[PATCH 4/4] mm/vmstat: do not refresh stats for nohz_full CPUs

Marcelo Tosatti <mtosatti@xxxxxxxxxx> · Tue, 30 May 2023 11:52:38 -0300

The interruption caused by queueing work on nohz_full CPUs 
is undesirable for certain aplications.

Fix by not refreshing per-CPU stats of nohz_full CPUs. 

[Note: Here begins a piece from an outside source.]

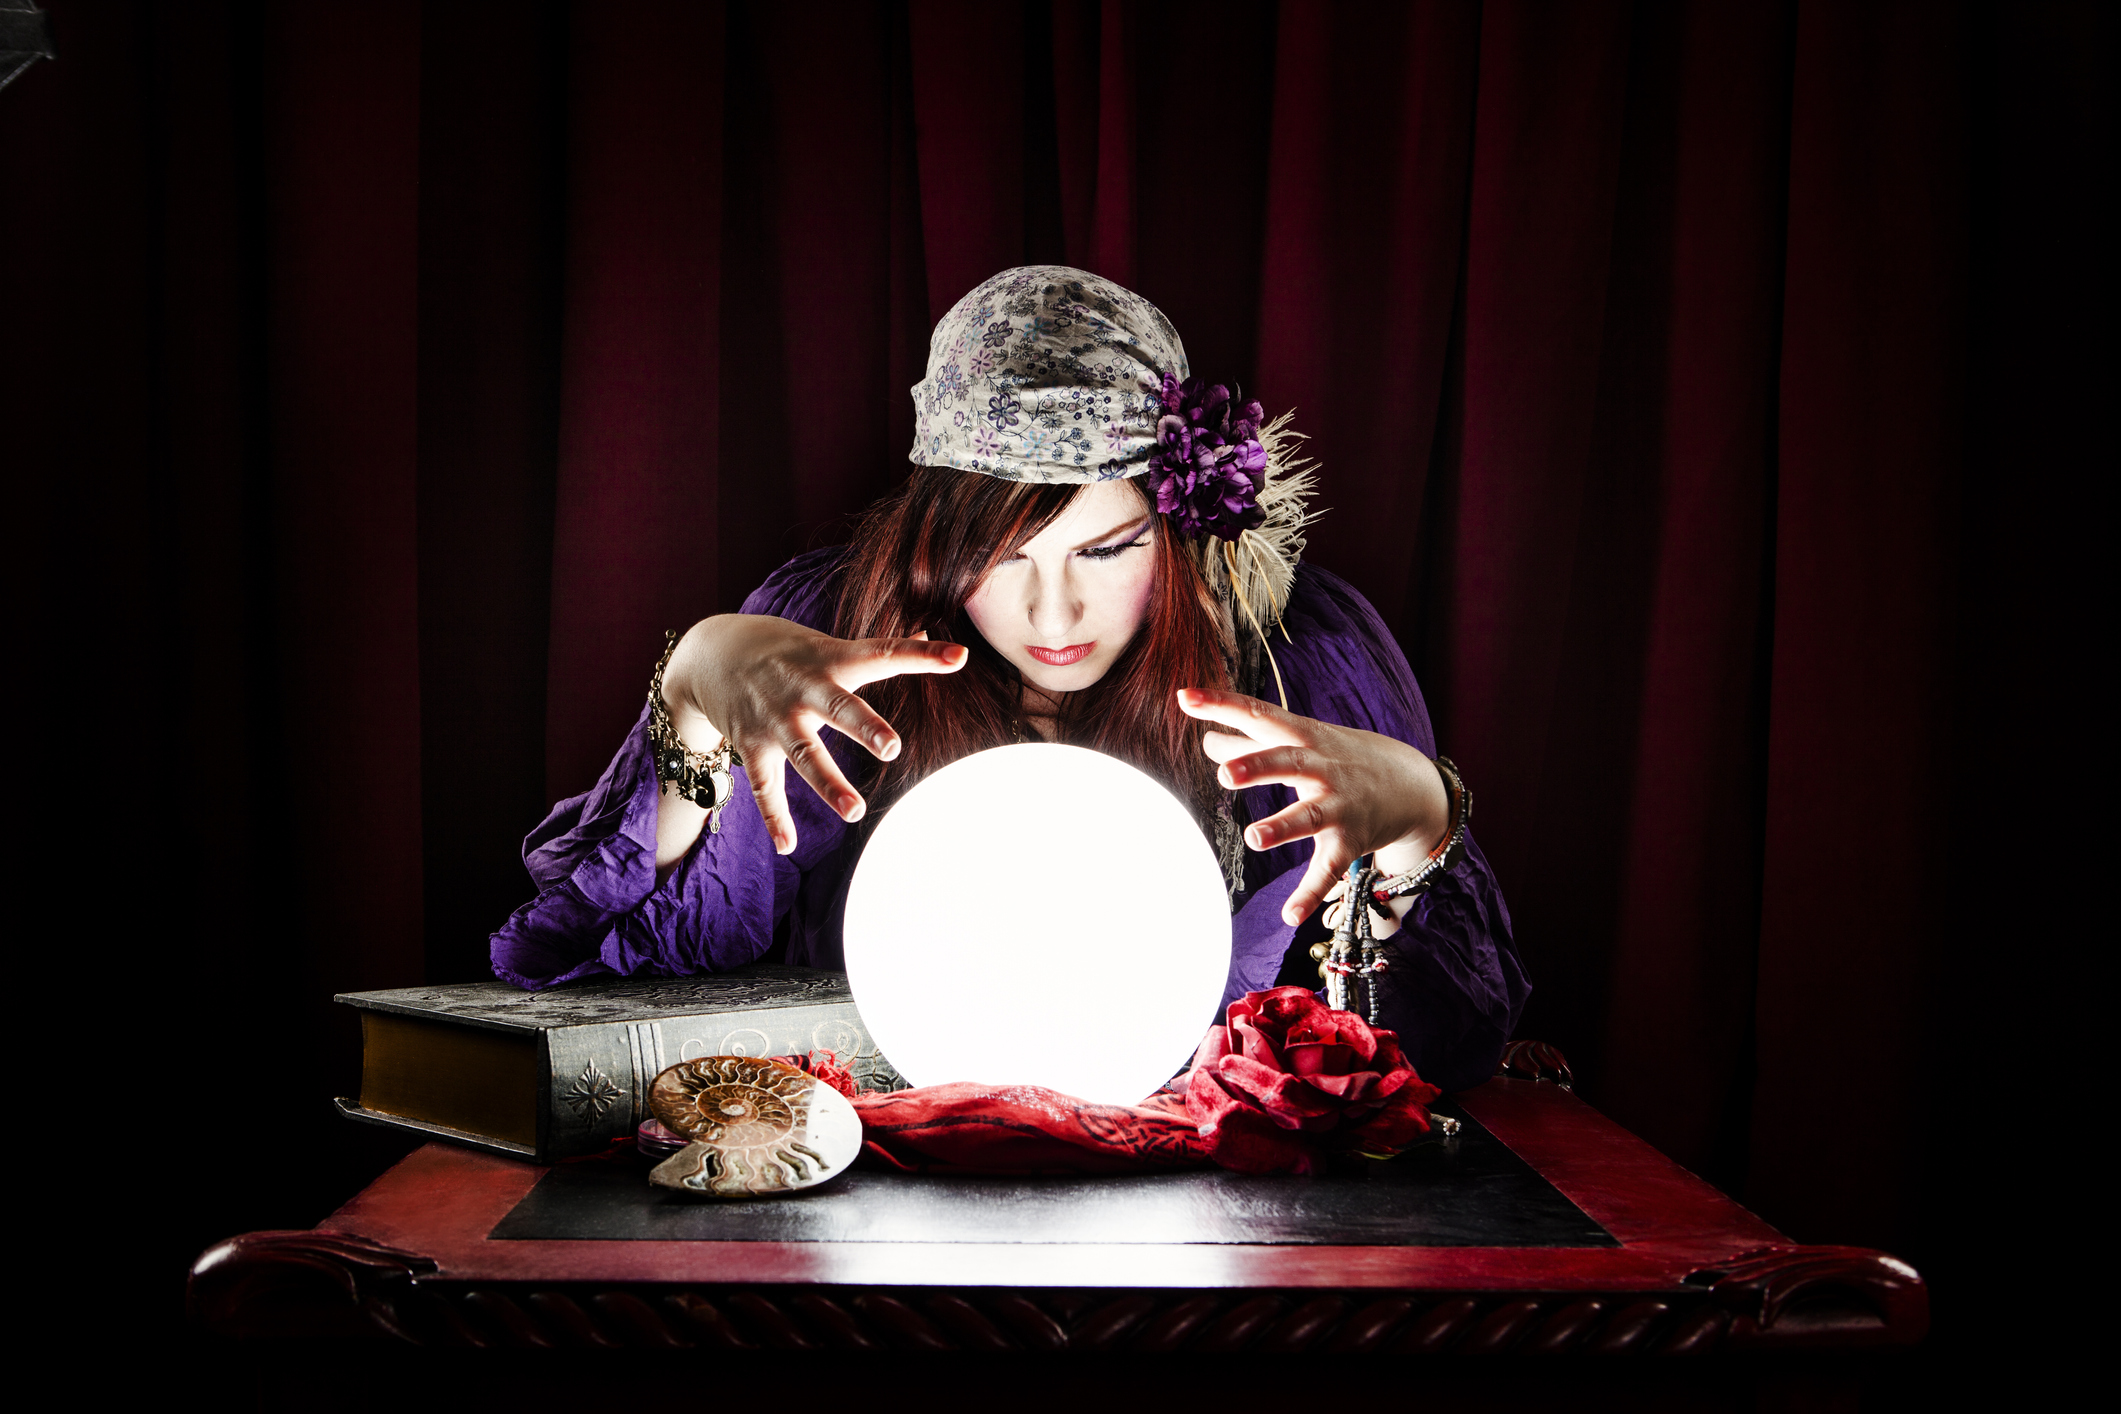 A psychic woman trying to talk to spirit using a crystal ball

Signed-off-by: Marcelo Tosatti <mtosatti@xxxxxxxxxx>

---

Index: linux-vmstat-remote/mm/vmstat.c
===================================================================

--- linux-vmstat-remote.orig/mm/vmstat.c
+++ linux-vmstat-remote/mm/vmstat.c
@@ -1877,12 +1877,31 @@ static void refresh_vm_stats(struct work
 	refresh_cpu_vm_stats(true);
 }
 
+#ifdef CONFIG_NO_HZ_FULL
+static inline const cpumask_t *tickless_cpumask(void)
+{
+	return tick_nohz_full_mask;
+}
+#else
+static cpumask_t empty_cpumask;
+static inline const cpumask_t *tickless_cpumask(void)
+{
+	return &empty_cpumask;
+}
+#endif
+
 int vmstat_refresh(struct ctl_table *table, int write,
 		   void *buffer, size_t *lenp, loff_t *ppos)
 {
 	long val;
 	int err;
 	int i;
+	cpumask_var_t dstmask;
+
+	if (!alloc_cpumask_var(&dstmask, GFP_KERNEL))
+		return -ENOMEM;
+
+	cpumask_andnot(dstmask, cpu_possible_mask, tickless_cpumask());
 
 	/*
 	 * The regular update, every sysctl_stat_interval, may come later
@@ -1896,7 +1915,9 @@ int vmstat_refresh(struct ctl_table *tab
 	 * transiently negative values, report an error here if any of
 	 * the stats is negative, so we know to go looking for imbalance.
 	 */
-	err = schedule_on_each_cpu(refresh_vm_stats);
+	err = schedule_on_each_cpumask(refresh_vm_stats, dstmask);
+	free_cpumask_var(dstmask);
+
 	if (err)
 		return err;
 	for (i = 0; i < NR_VM_ZONE_STAT_ITEMS; i++) {